- _TASK TO CARRY OUT_: Within the records below, reproduce without change the lines from the line that has "No Ordinary Man: General John A. Rawlins" through the line that has "Smeg Smeg Keukenmachine SMF03GREU, leigrijs", and only those.

- _WORKING DATA_:
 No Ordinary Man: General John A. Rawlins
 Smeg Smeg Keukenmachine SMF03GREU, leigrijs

--

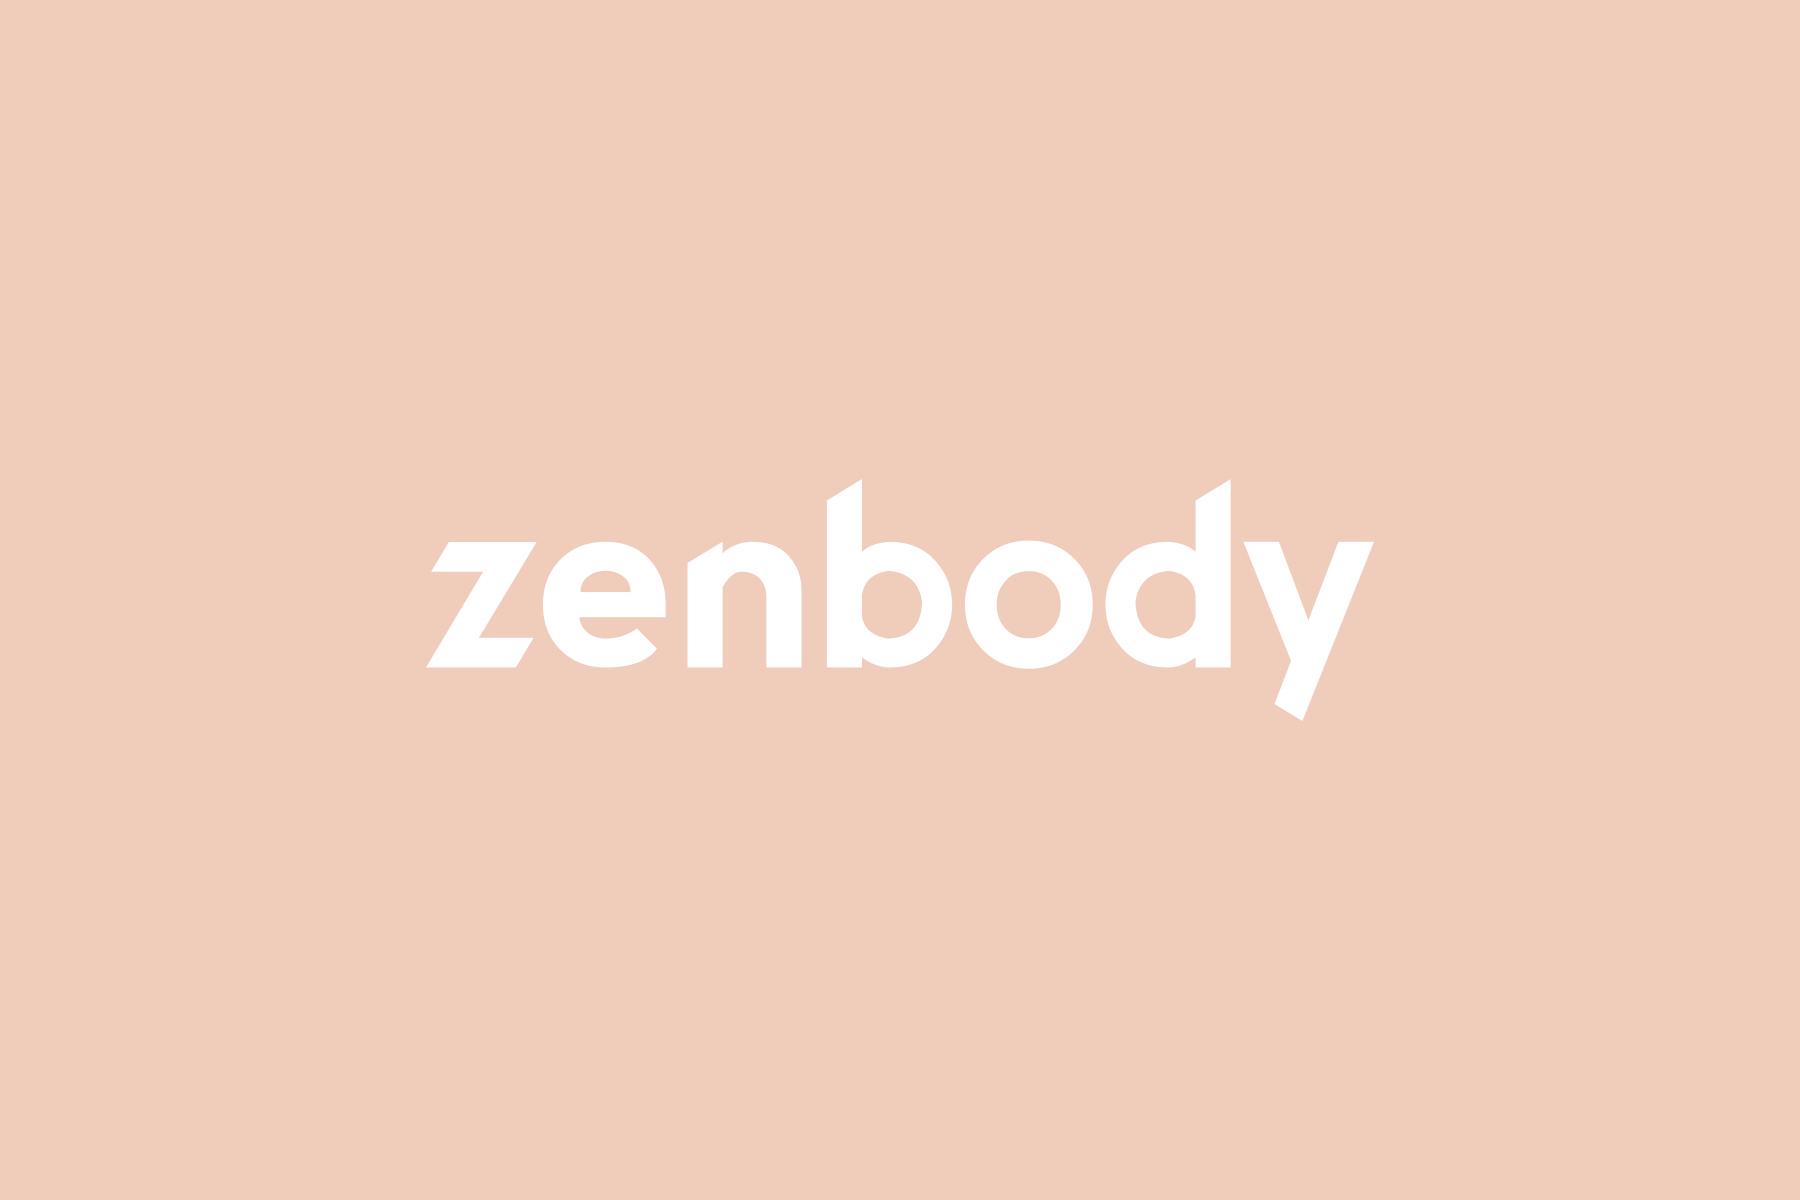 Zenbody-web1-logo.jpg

...

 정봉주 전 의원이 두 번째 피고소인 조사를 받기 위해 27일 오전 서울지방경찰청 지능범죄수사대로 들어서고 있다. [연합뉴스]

- _ANSWER TO THIS EXERCISE_:
 No Ordinary Man: General John A. Rawlins
 Smeg Smeg Keukenmachine SMF03GREU, leigrijs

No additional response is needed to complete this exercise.